There are several possible alternatives to invest in wind energy, or more broadly in renewables: stocks, managed funds, ETFs or even direct investment in the development of a project.
The option described in this post (buy your own turbines) is probably the most extreme but it’s not unseen. I’ve been personally involved in several projects owned not by utilities, mega corporations or professional developers but by private investors or small companies willing to pay out of their balance sheet.
Additionally, it has to be considered that the banks are usually willing to finance a relevant portion of projects. The percentage that can be financed is somewhere around 60% to 70%, in some cases even more.
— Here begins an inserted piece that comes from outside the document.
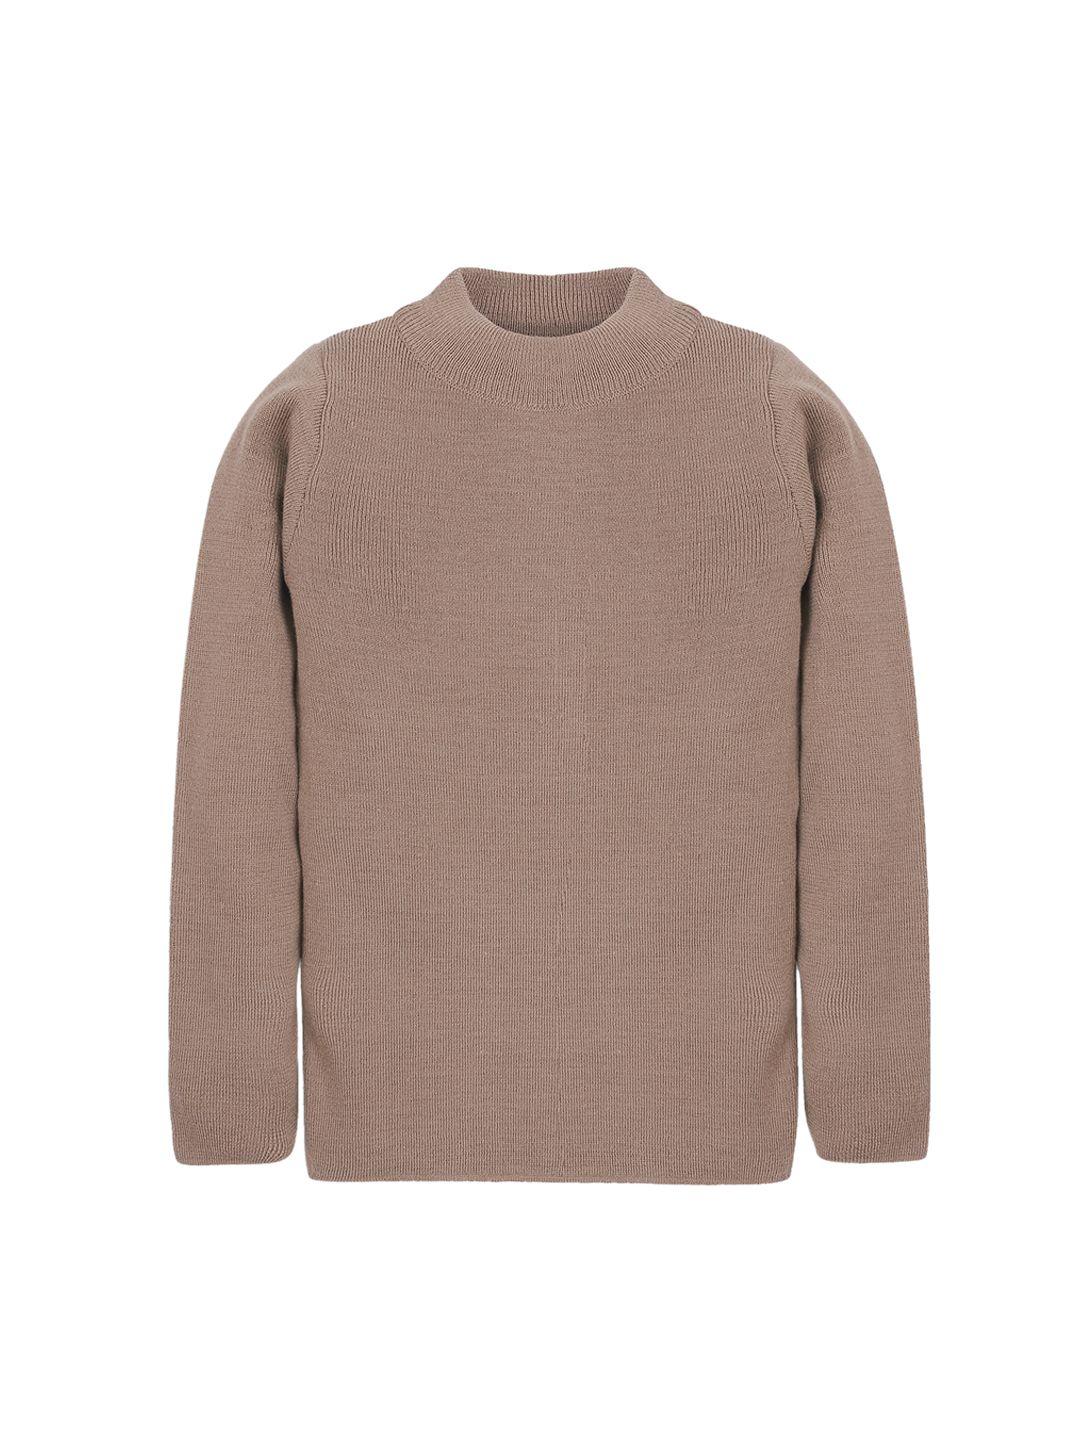 rvk unisex camel brown solid pullover skivvy sweater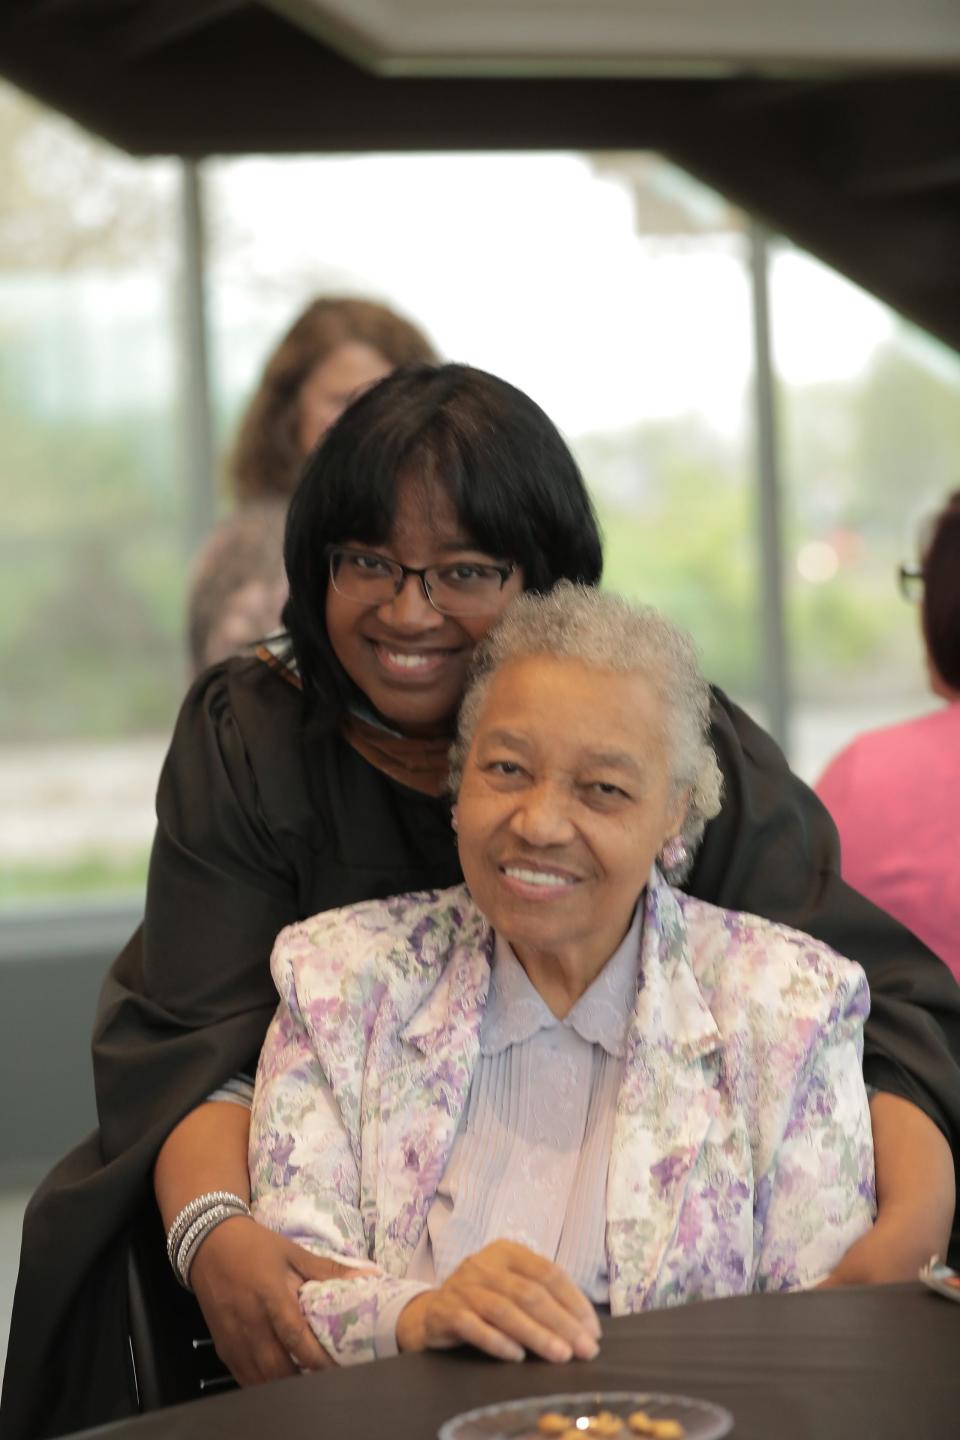 Matilda Barber with her daughter, Fay Dansby-Barber, in 2019. Barber said cancer runs in her family, which is why she got pap smears annually and has advised her daughters to do the same.

The capital cost of wind projects are dominated by the cost of the turbine. In this blog you will find quite a lot of post detailing the other costs associated with the project, usually called “Balance of Plant” (BoP).
As a rule of thumb I would say that the turbines, fully installed and operational (that is, including transportation, installation and commissioning costs) will be somewhere between 60% to 80% of the total investment.
How much does an industrial, multi megawatt wind turbine cost?
It’s obviously not easy to answer this question as it’s dependant on several variables such as number of turbines purchased, transportation costs (marine and overland), financing, insurance and warranties, etc. Actually is so critical that companies in the wind business have usually specialized departments devoted to the gentle art of Pricing.
However several reliable sources (Bloomberg in primis – they are the source for the image above) are concordant on the fact that the cost per megawatt is steadily decreasing.
When I joined the wind industry (2010) a MW was somewhere around 1.4 to 1.6 million dollars – that is, you could expect to pay around 3 ML$ for a 2 MW wind turbine.
Today (end of 2018) prices have dropped dramatically. Buying a turbine today, with delivery at the end of the next year, will probably cost around 1 M$ per MW.
There are several reasons behind this price drop. I believe that the main 2 are scale factor (today, 3 to 4 MW wind turbines are the norm while in the past the standard was 1.5 to 2 MW) and market pressure in the majority of developed markets (USA and Europe).
To summarize, to invest in wind energy building your own small wind farm (1 turbine around 3MW, no substation or other substantial BoP costs) you would need probably between 0.5 and 1 ML$. This very rough estimate consider a total cost of the project between 3.5 and 4 ML$, with the banks financing around 70%.